**What you are asked to do:** Would you please repeat, word for word, only the lines from the one holding "サメ革にかける職人の思い 厄介「者」を役立つ「者」に" through the one holding "Дозатор весовой для" in the material below, without the pictures?

**Data to examine:**

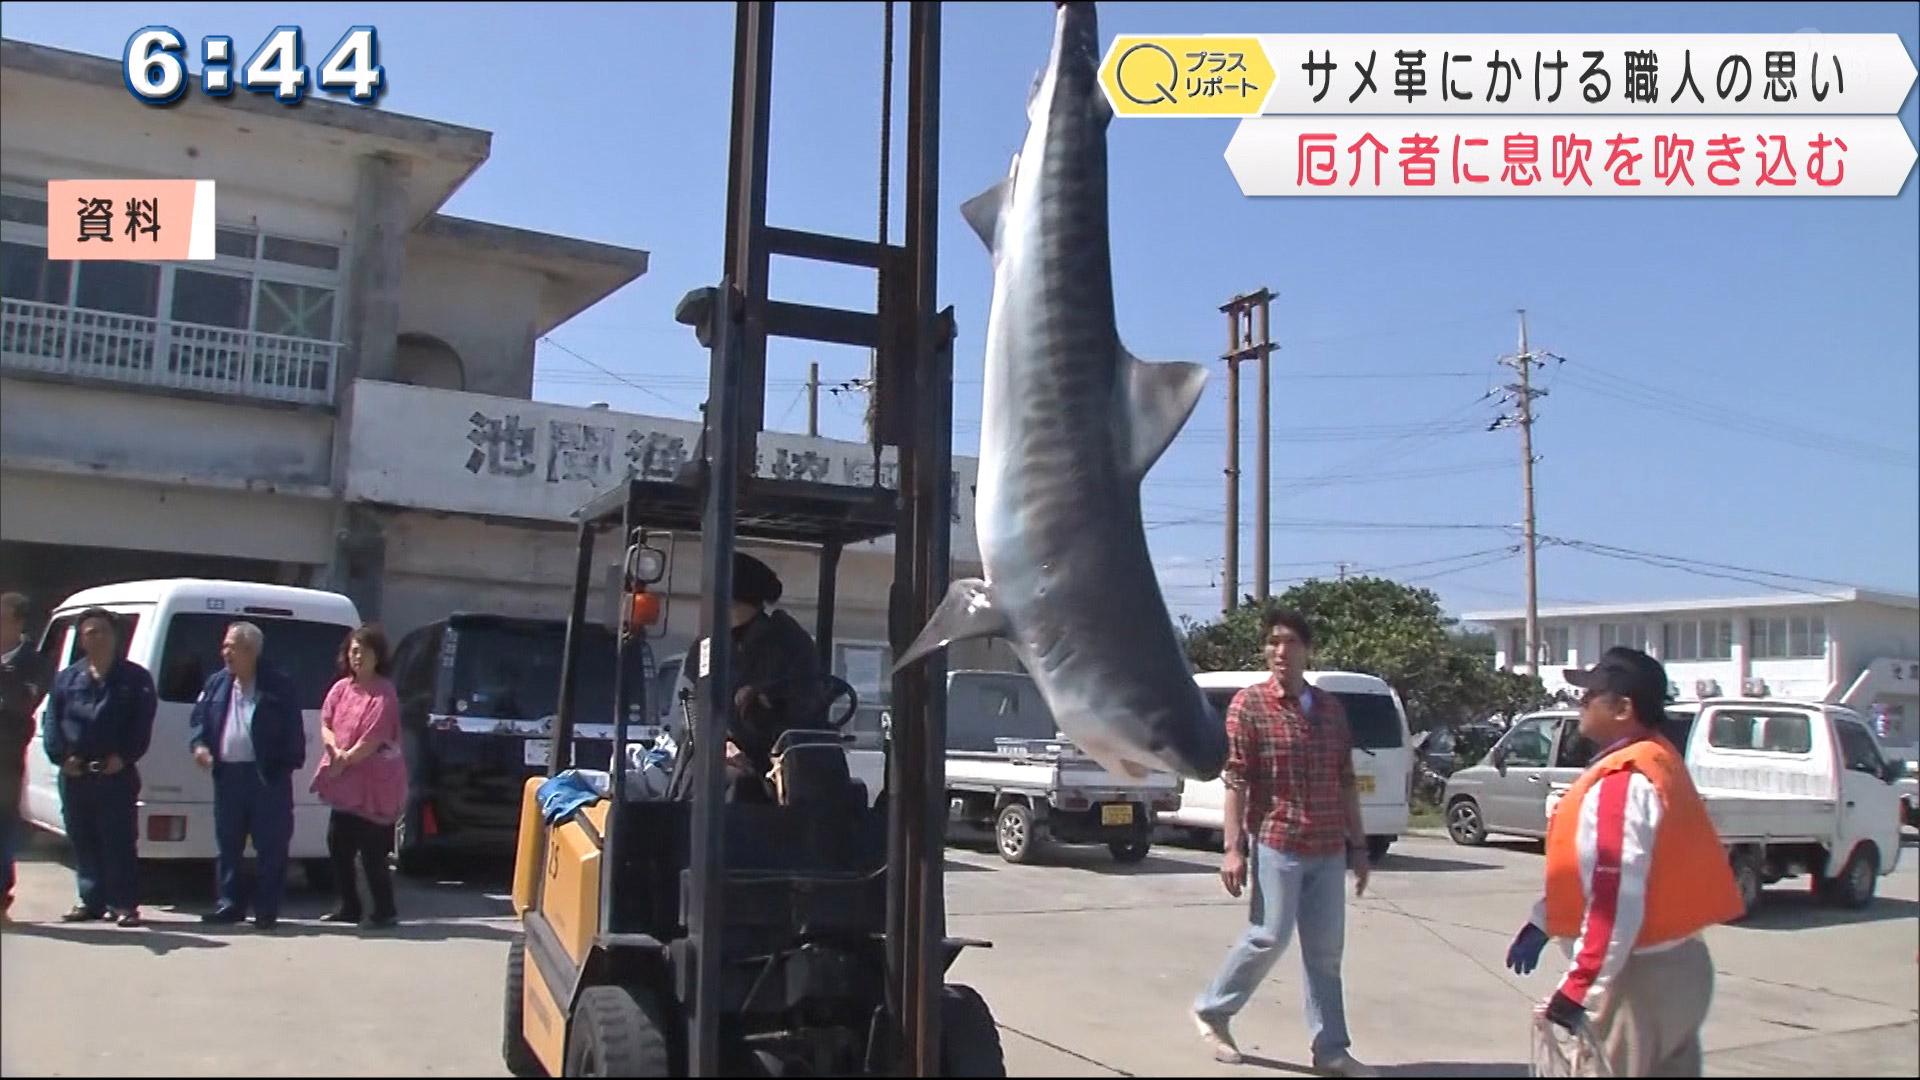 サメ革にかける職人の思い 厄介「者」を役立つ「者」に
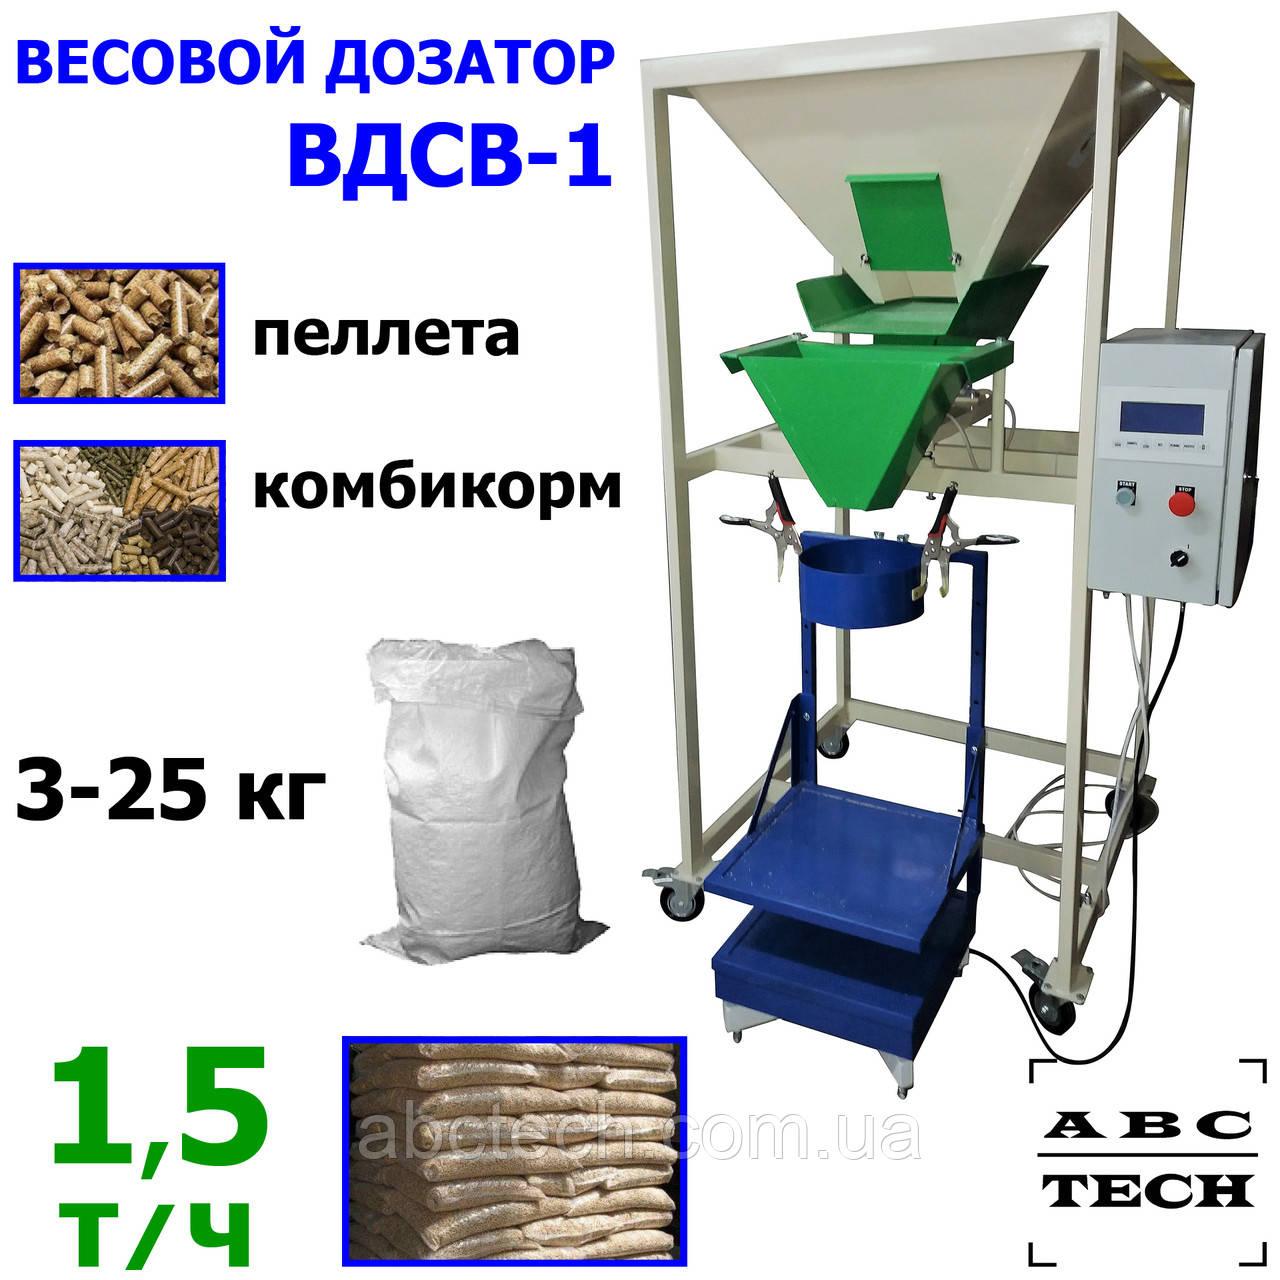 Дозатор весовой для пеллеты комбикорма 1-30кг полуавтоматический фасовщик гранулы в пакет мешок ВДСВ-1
---
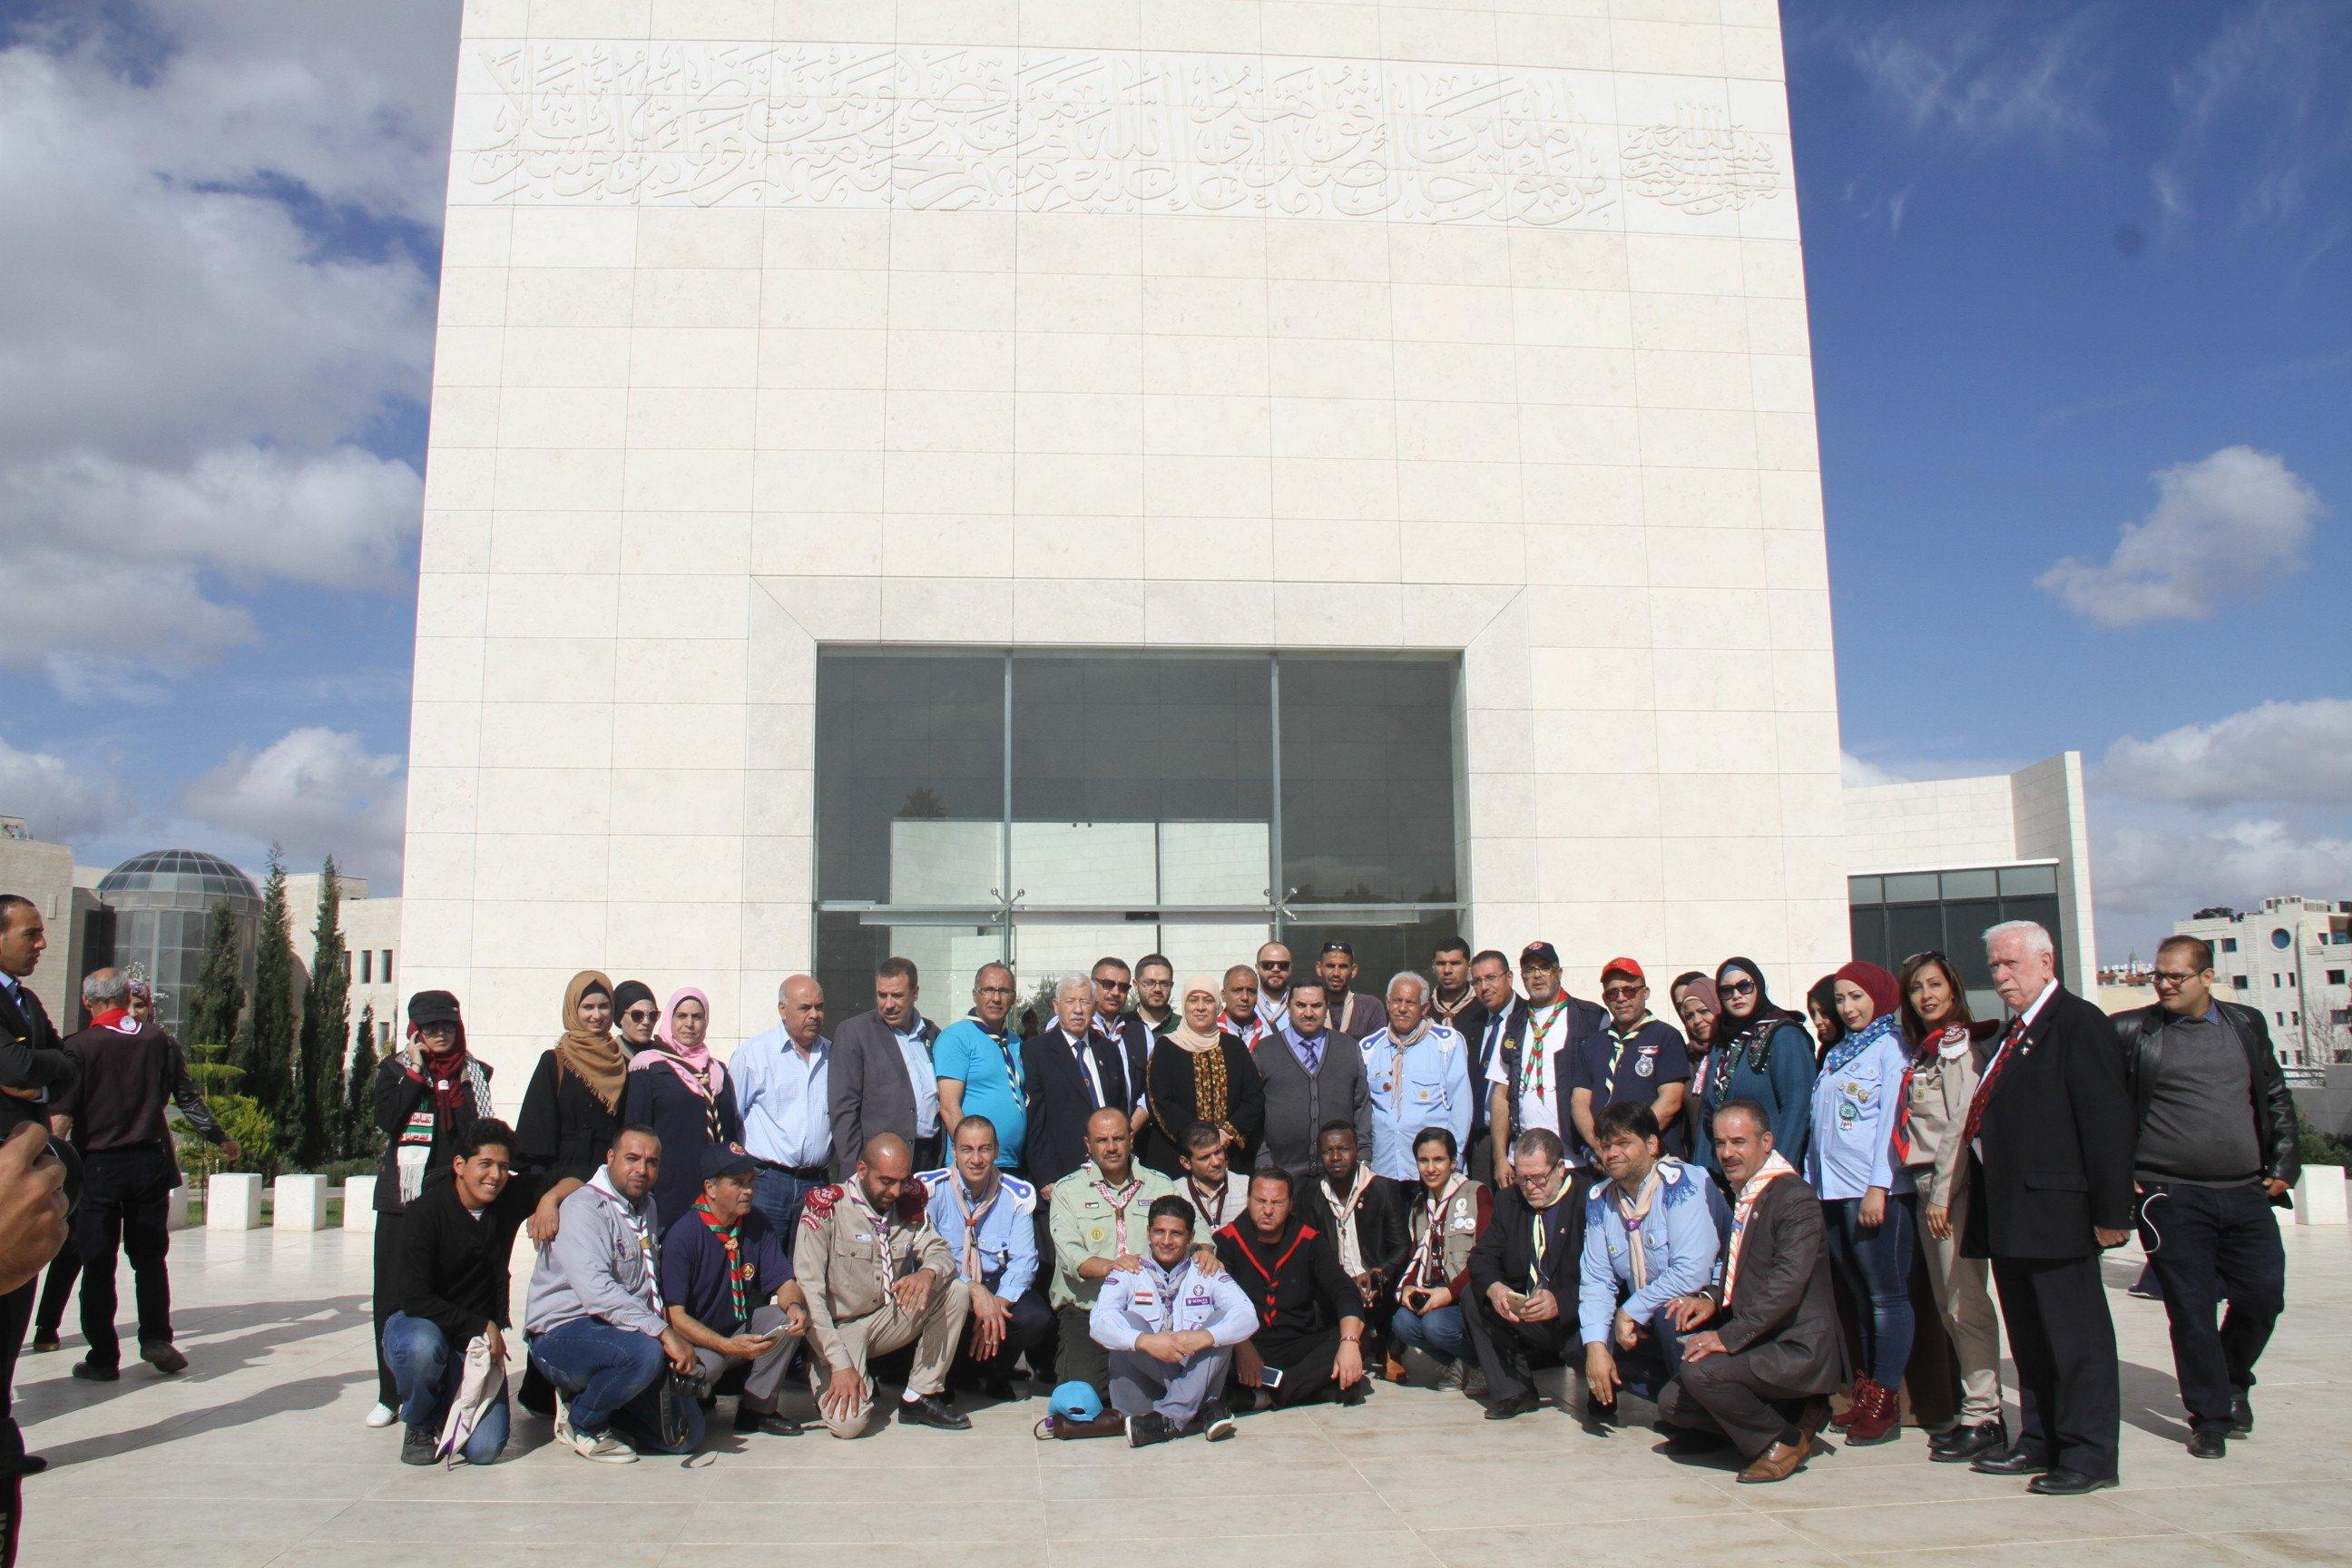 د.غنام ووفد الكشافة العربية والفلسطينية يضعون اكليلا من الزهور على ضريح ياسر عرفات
* * *
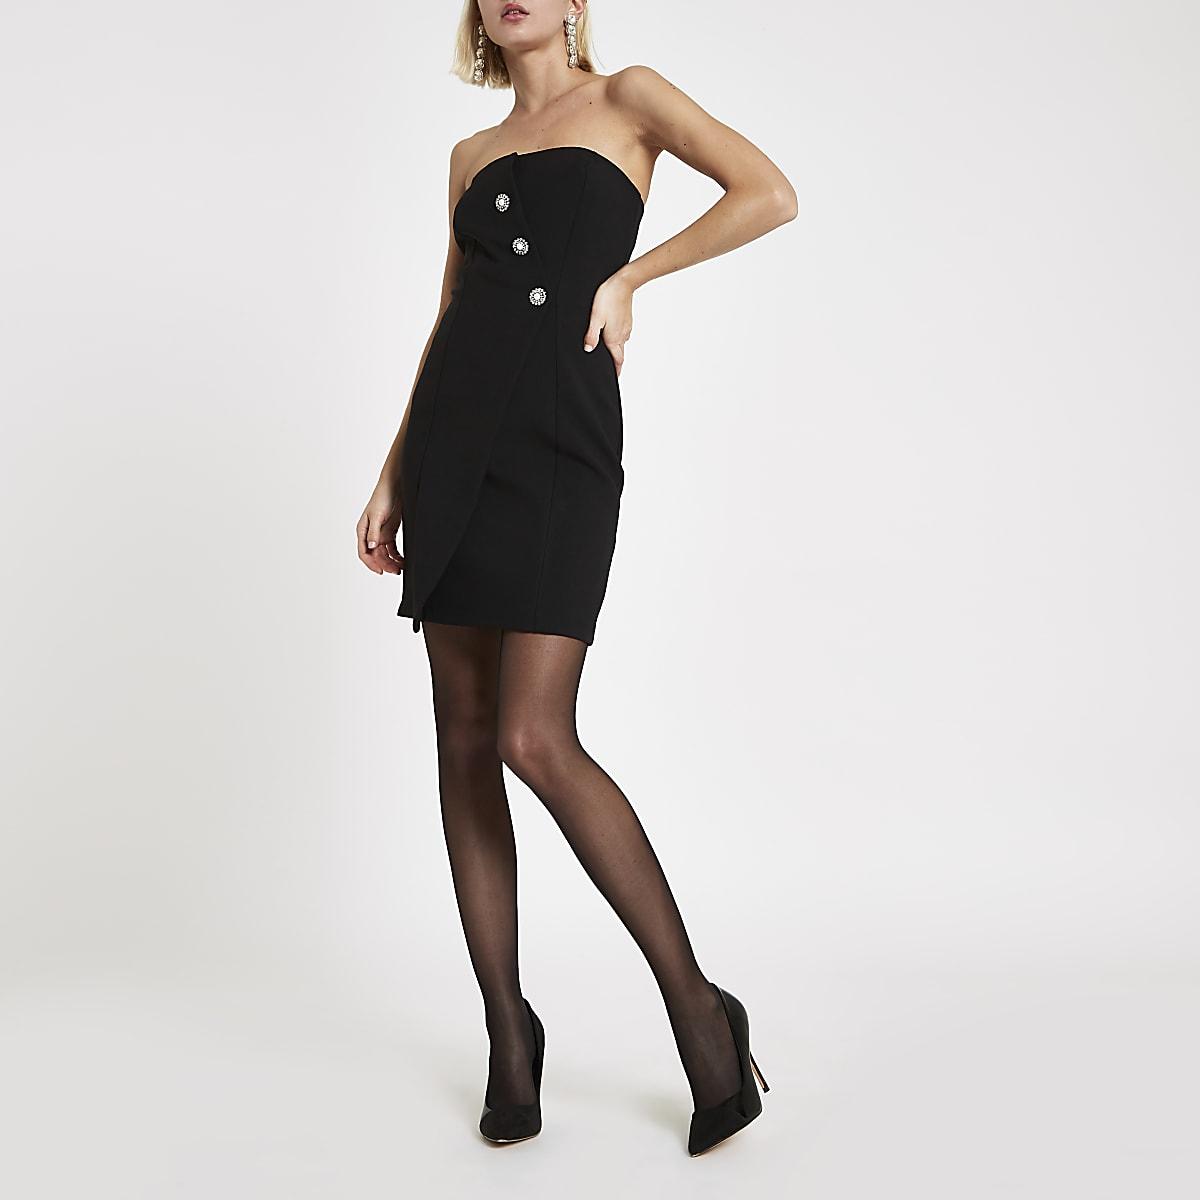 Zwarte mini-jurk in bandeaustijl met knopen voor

**Output:**
 サメ革にかける職人の思い 厄介「者」を役立つ「者」に
 Дозатор весовой для пеллеты комбикорма 1-30кг полуавтоматический фасовщик гранулы в пакет мешок ВДСВ-1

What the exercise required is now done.